Consider two functions, $g(x)=\left(1-\mathbb{E}_y (f(x,y))\right)^n$, $h(x)=\mathbb{E}_y\left(\left(1- f(x,y)\right)^n\right)$, $n=1,2,\cdots$, where $\mathbb{E}_y(f(x,y))$ denotes the expectation of function $f(x,y)\in[0,1]$, $x\in[0,1]$, with respect to (w.r.t.) $y$, where $y\in(-\infty.\infty)$.
I have a conjecture which is stated as follows. If $\mathbb{E}_y(f(x,y))$ is concave w.r.t. $x$, then both the functions $g(x)$ and $h(x)$ are convex w.r.t. $x$.

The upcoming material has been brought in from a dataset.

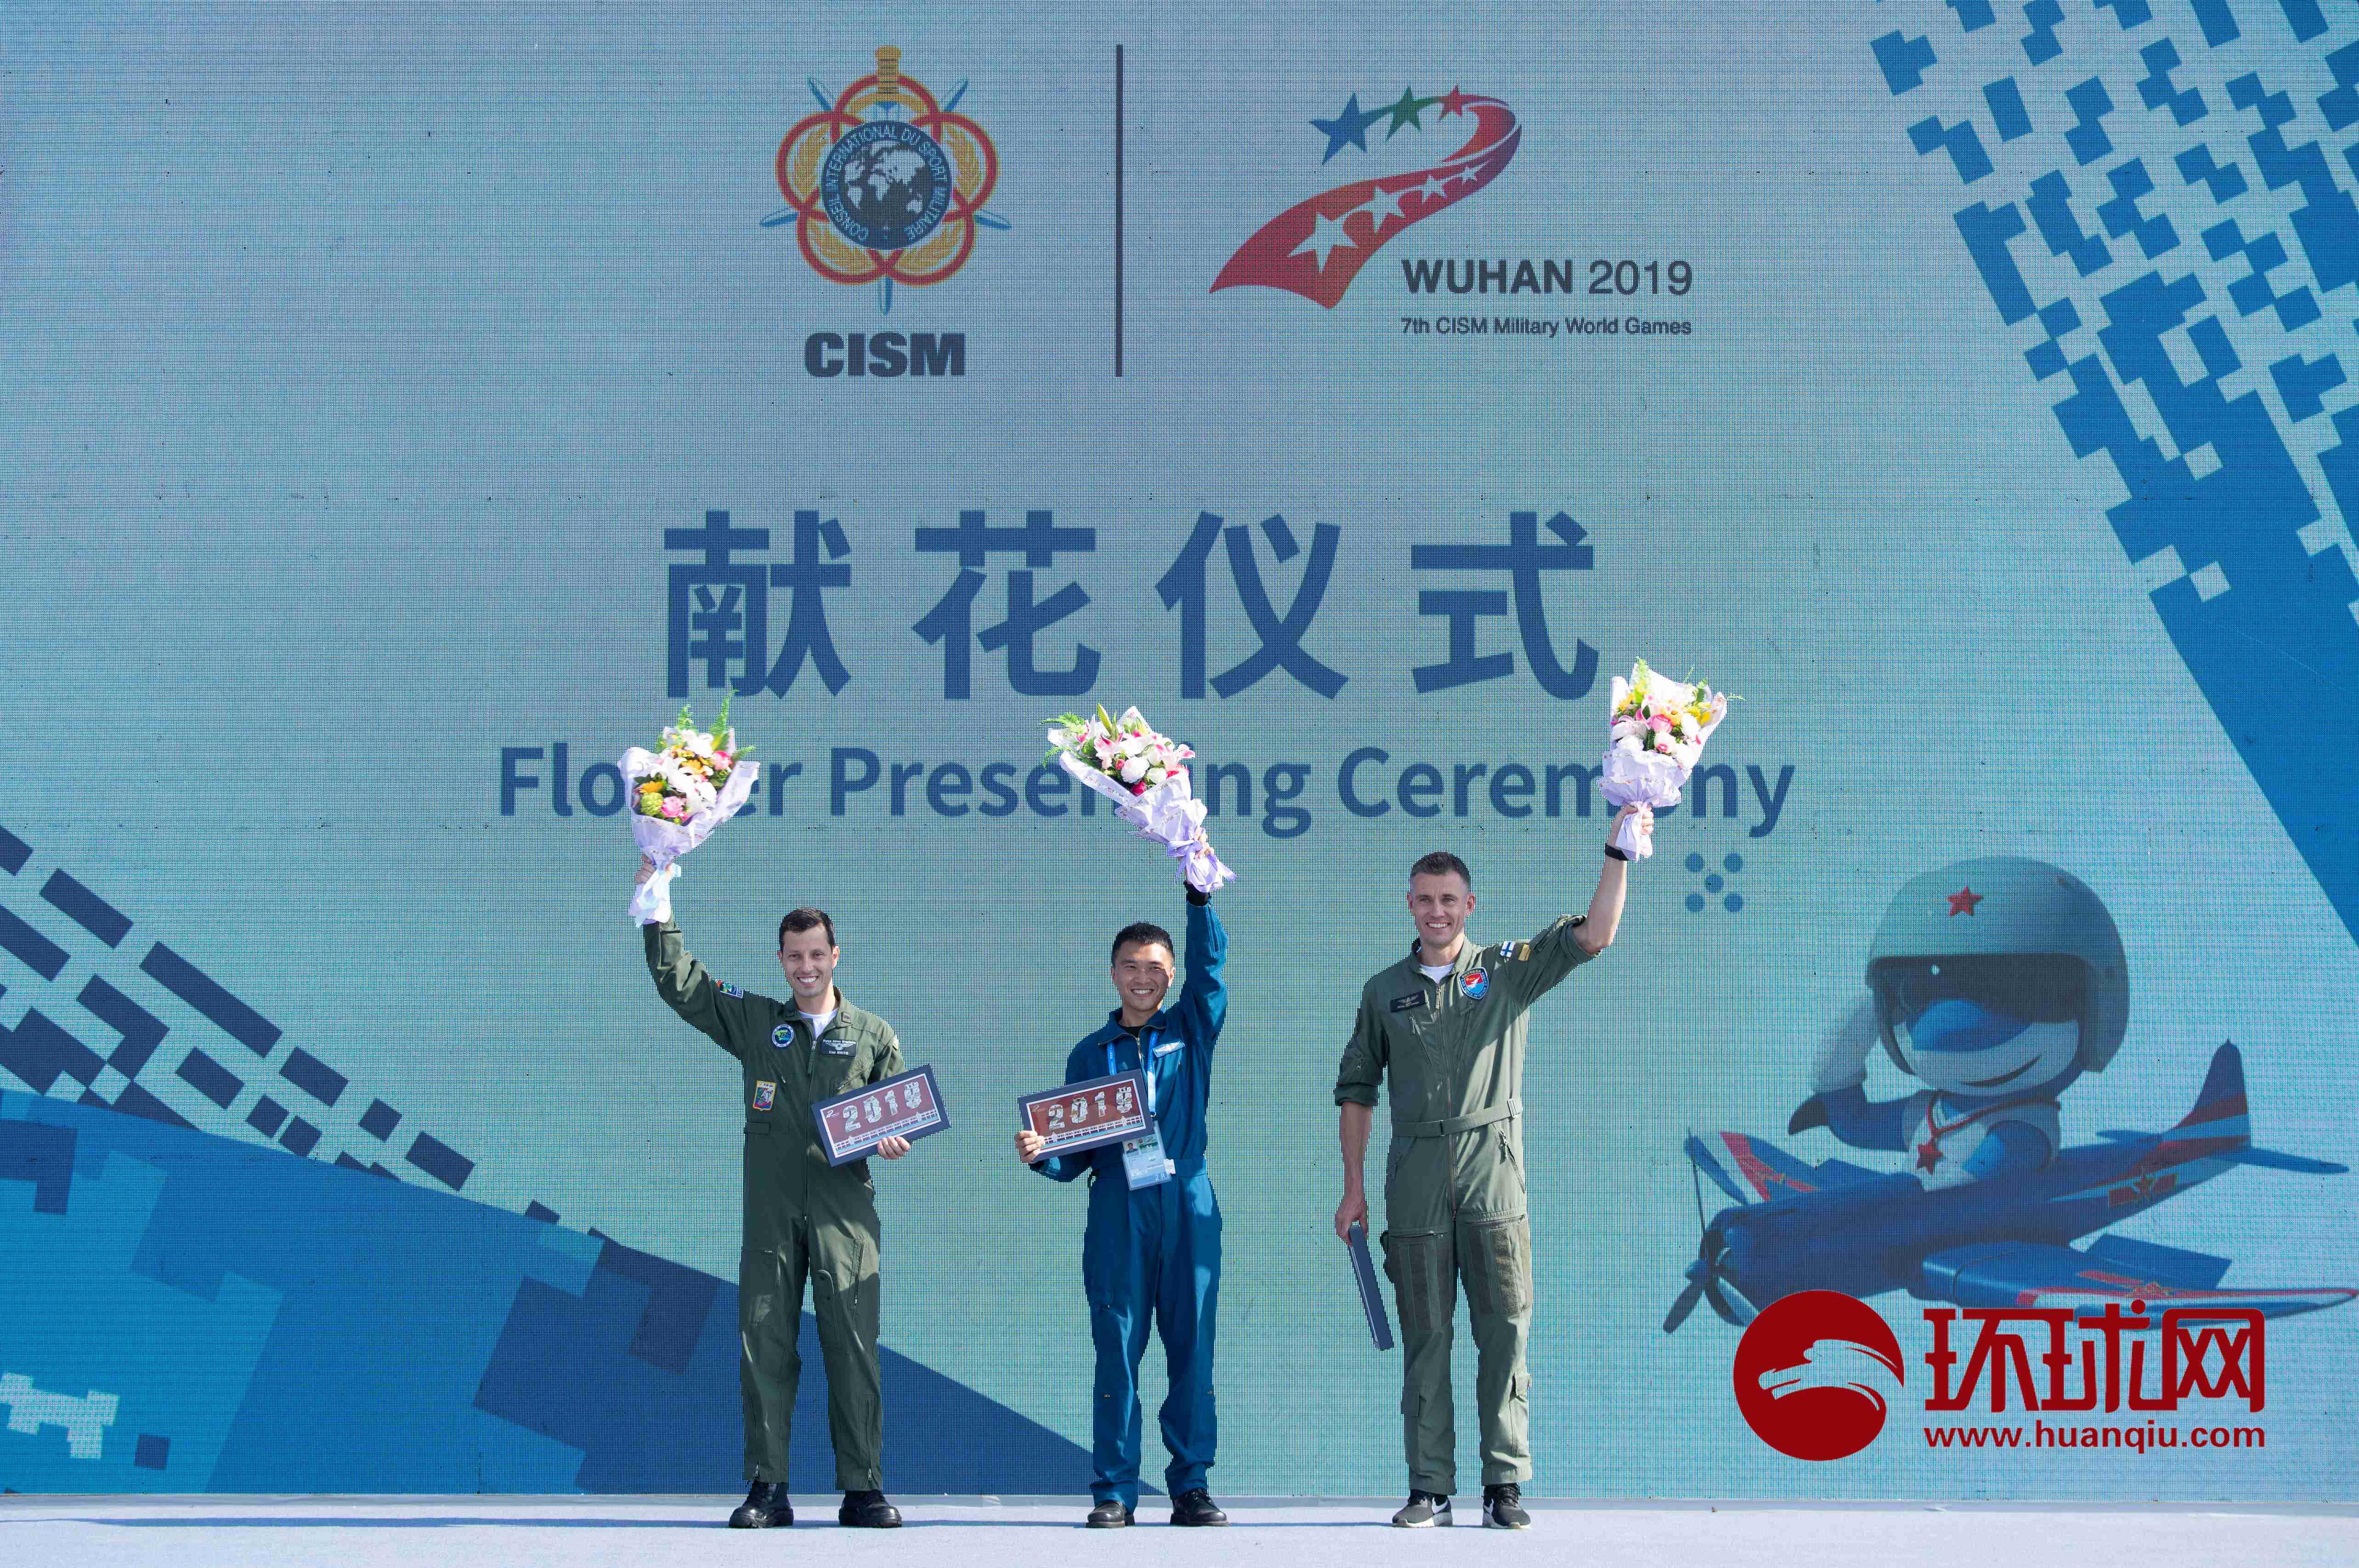 军运会空军五项飞行比赛 中国队员廖伟华力压群雄夺金

However, I cannot prove my conjecture above. Can anyone give me some hints to prove it, or take a counter example to tell me that it is wrong.
I appreciate any comment on this post.
Yes to the $g$ part, as you have probably checked.

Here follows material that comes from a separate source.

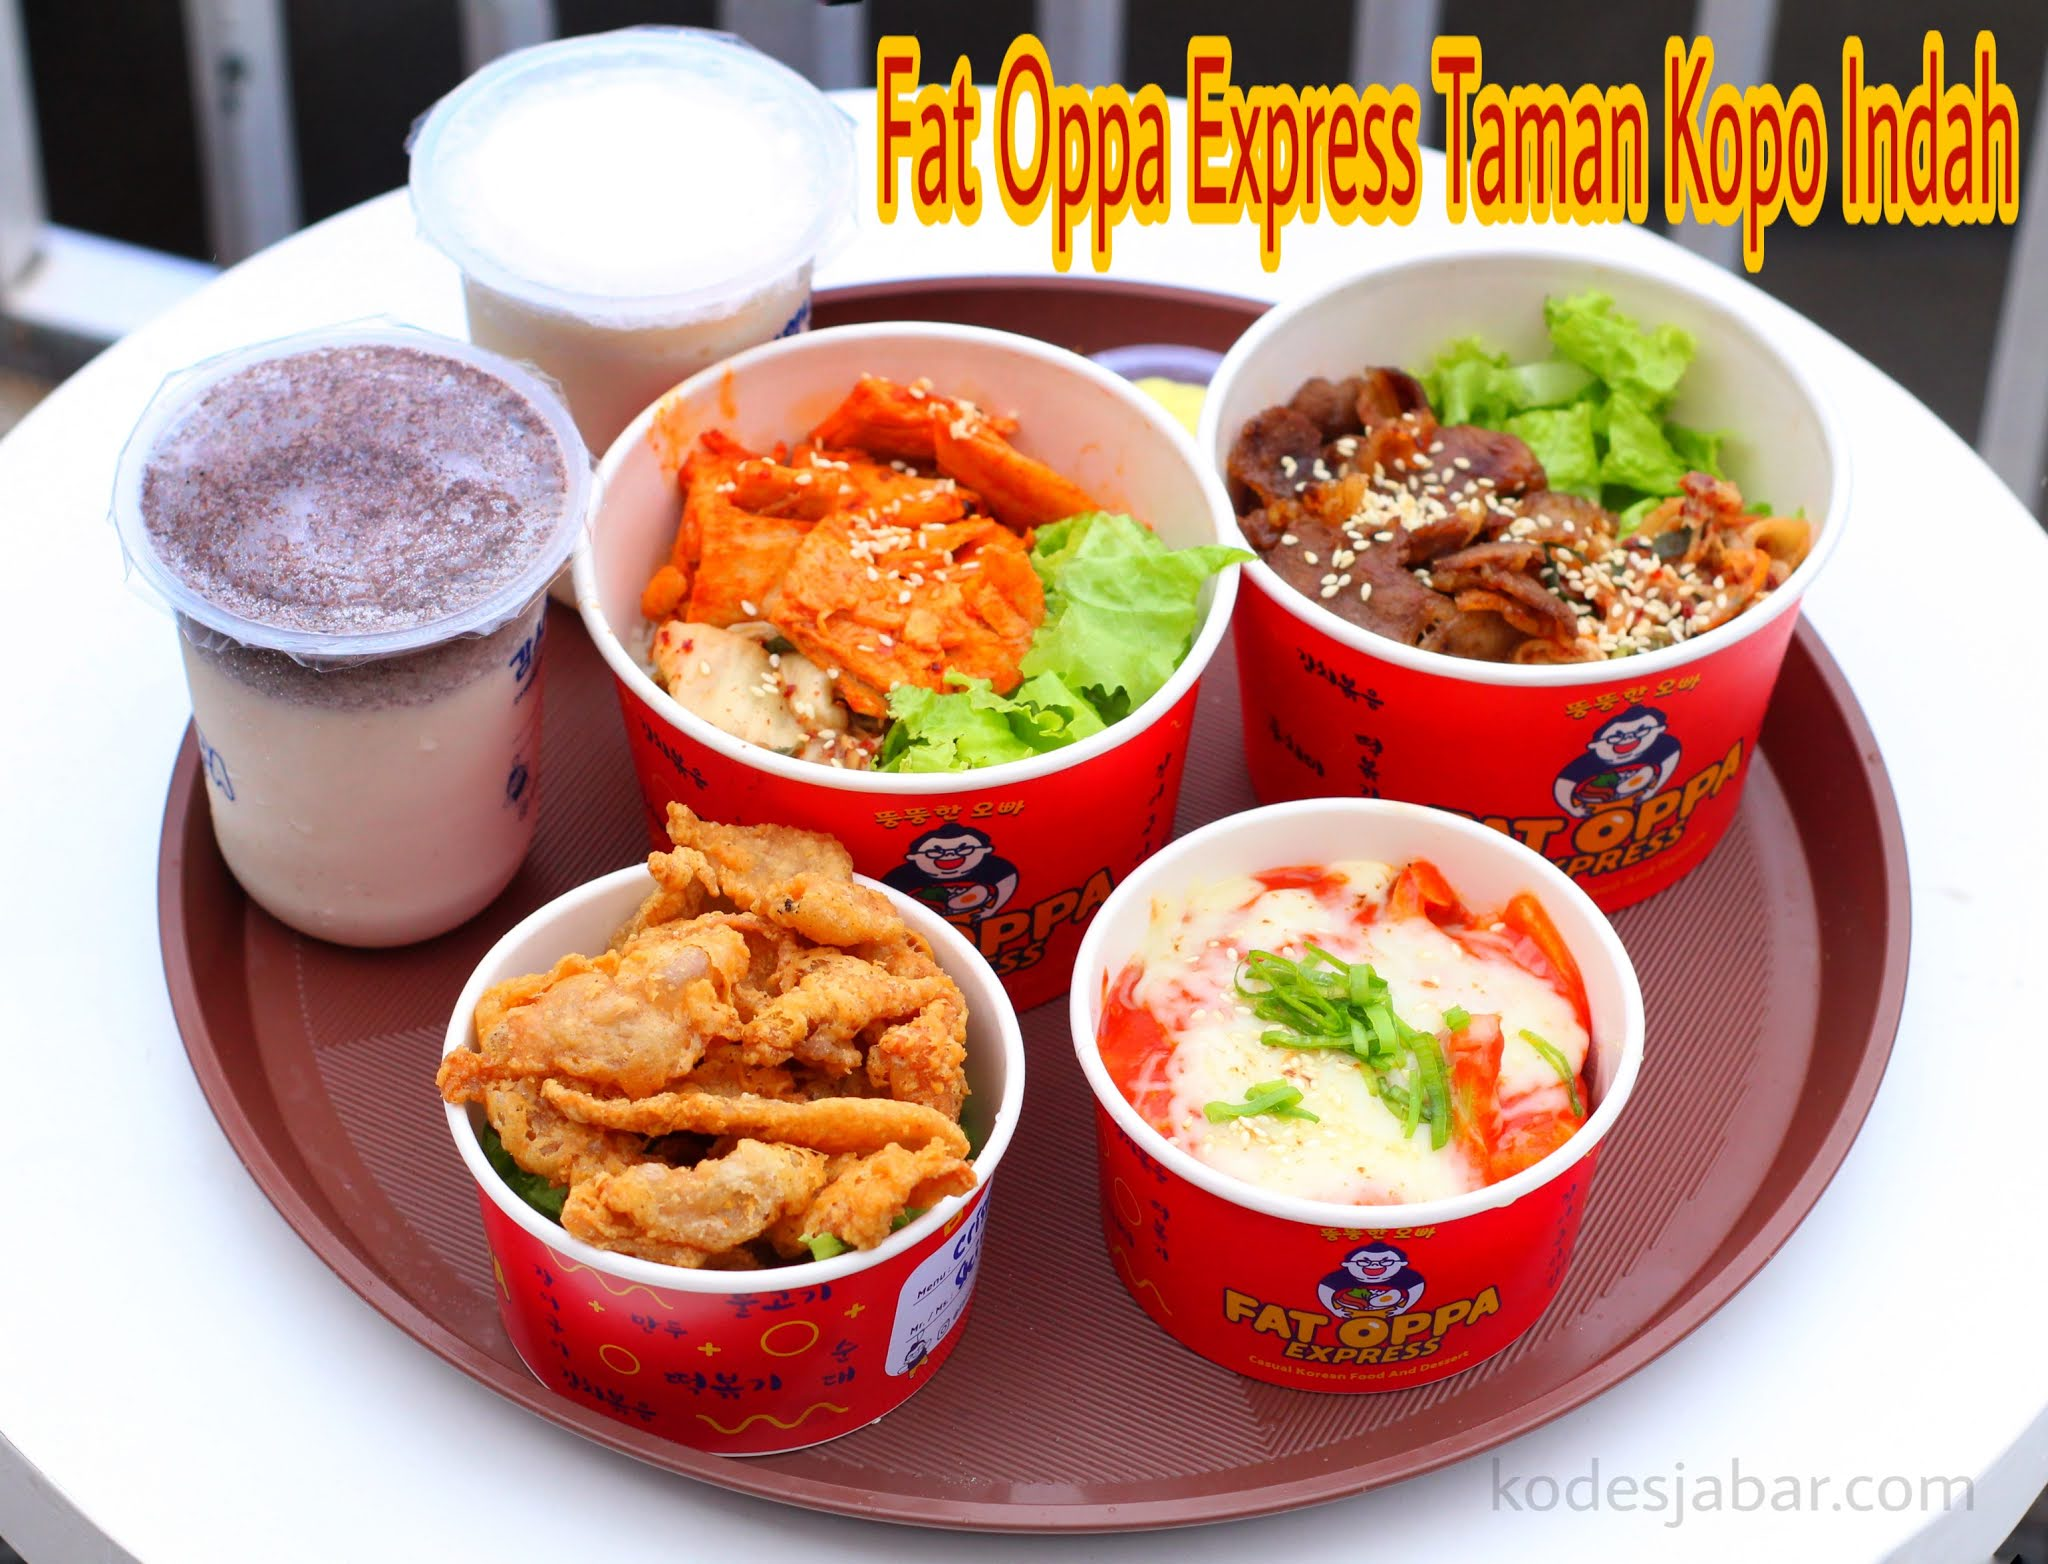 Fat Oppa Express Taman Kopo Indah

But no to the $h$ part. Let $n=2$, let $y\sim N(0,1)$ and let $f(x,y)=1/2+x(1-x)$ if $y\ge0$ and $f(x,y)=1/2-x(1-x)$ if $y<0$. (Think of this as $1-f(x,y) = 1/2 \pm x(1-x)$ where the sign depends on $y$.) The expectation $\mathbb E_y(1-f(x,y)) = 1/2$, a convex function. But $$h(x)= \mathbb E_y(1-f(x,y))^2 = \mathbb E_y(1/4 \pm x(1-x)) + (x(1-x))^2) = 1/4 + (x(1-x))^2,$$ which is neither concave nor convex.

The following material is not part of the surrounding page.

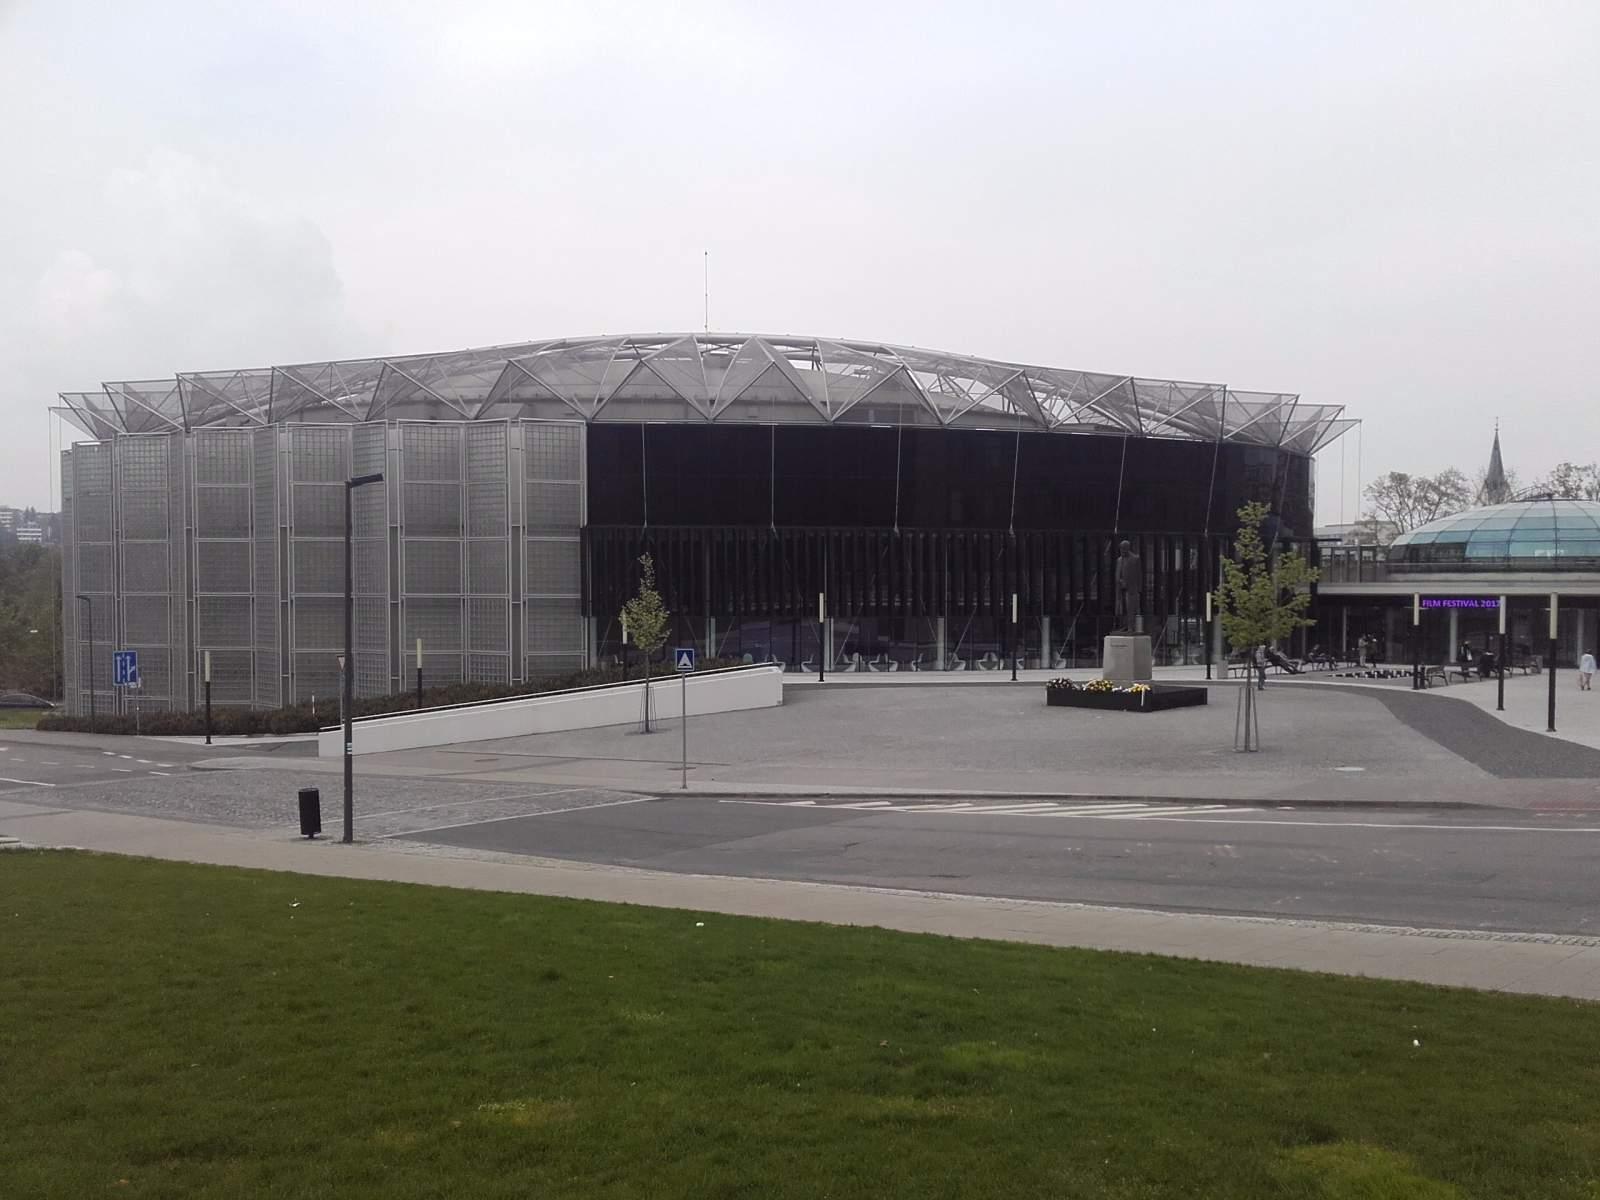 Budova, kde zlínská filharmonie sídlí, je dílem architektky Evy Jiřičné. Autor: Jan Navrátil

The problem is that requiring $\mathbb E_y(f(x,y))$ to be concave in $x$ does not put much of a constraint on the slices you get by holding $y$ fixed. As above, the average of non-concave functions can be concave. This does not hurt you in the $g$ case, but in the $h$ case it can.